Back pain, especially lower back pain, is on the rise among young adults and adolescents. This is attributed to our bad sitting postures and the new norm of prolonged sitting and sedentary lifestyles. It is thus not surprising that low back pain should be the leading cause of disability. In fact, it is so common worldwide that it is the commonest reason people seek medical consultations.
Pain is an indicator that something is not right; often the last to show up and the first to leave.
People are suffering. The disabling nature of back pain negatively interferes with their quality of life and work performance.
BUT… what if i told you there are known ways to help you or a loved one manage the pain and live a more functional lifestyle, free of pain? One you could do at home at your convenience? Without the use of medication or surgery? Yes, it is indeed possible. You only need to determine which disability scale you fall into and then use the tips to help achieve just that. You can start here by taking this TEST.
*The following advice has been pivotal in the care of many clients at Oak Wellness hub with spinal issues. I’m sharing freely in this blog post but should you needed guided counsel, do contact us for expert care.*
Interestingly, we often think that resting and restraining from activities such as exercising will help ease the pain. However, it’s rather the opposite that helps. Most doctors advice that you get active and keep the spine and related muscles moving as a better pain relief method.
With that said, if you took the test and eager to know the meaning of its outcome and its solutions: KEEP READING.
Table of Contents
0-20%: Minimal Disability
If your score is in this range, you are either pain free or experience very mild pain occasionally. Fortunately,it is quite easy to rid yourself of this kind of nagging pain and disability. Remember, the goal here is to get you 100% functional.
Go through the tabs and learn more on how achieve this goal.
- Sit upright as often as you can
- Do not slouch or recline for long periods of time
- Do not sit for more than 30 minutes at a stretch
- Preferably, use an ergonomic lumbar support such as the Oak rest to cushion your back.
SLEEP RIGHT.
- The best sleeping postures are on your back and sides.
- Tummy sleeping is a NO NO. It puts a strain on the lower back leading to nerve impingement. Desist from doing so.
- Additionally get 6-8 hours of sleep daily.
- A firm bed such as an orthopedic mattress usually helps support the spine and give a good night rest.
Eat right to help your muscles, nerves and spine bones get the right nutrients to nourish your body so you heal faster and function better.

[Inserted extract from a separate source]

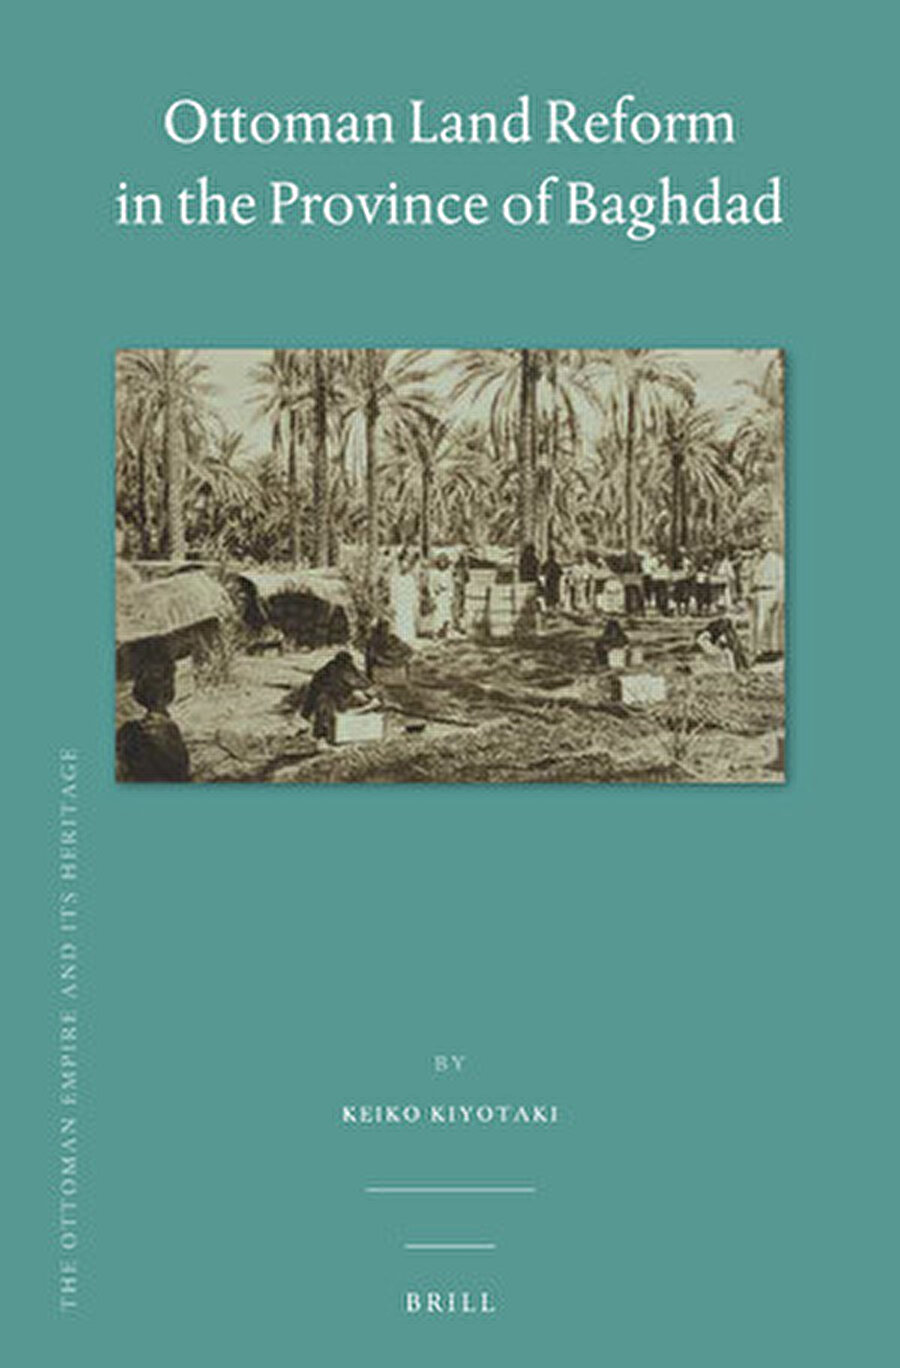  Ottoman Land Reform in the Province of Baghdad, Brill Publishing,Keiko Kiyotaki

- Make your plate colorful. Eat a balanced diet.
- plan your meals and eat at regular times
- Of course DO NOT FORGET TO HYDRATE.
- And get a lot of sunshine to strengthen the bones
Move right with daily exercises that get you sweating.
Walking, aerobics, stretching and fitness programs are great ways to keep you active and functioning optimally.
LUMBAR STRETCHES
21-40%: Moderate Disability
Pain causing moderate disability is usually nagging and very annoying. It may not adversely interfere with your daily activities such as personal care or sexual activity but it can significantly interfere with travel and your social life. Most people who fall in this category just get used to it and adapt to the pain. Its effects, ready to rear its ugly head in the future.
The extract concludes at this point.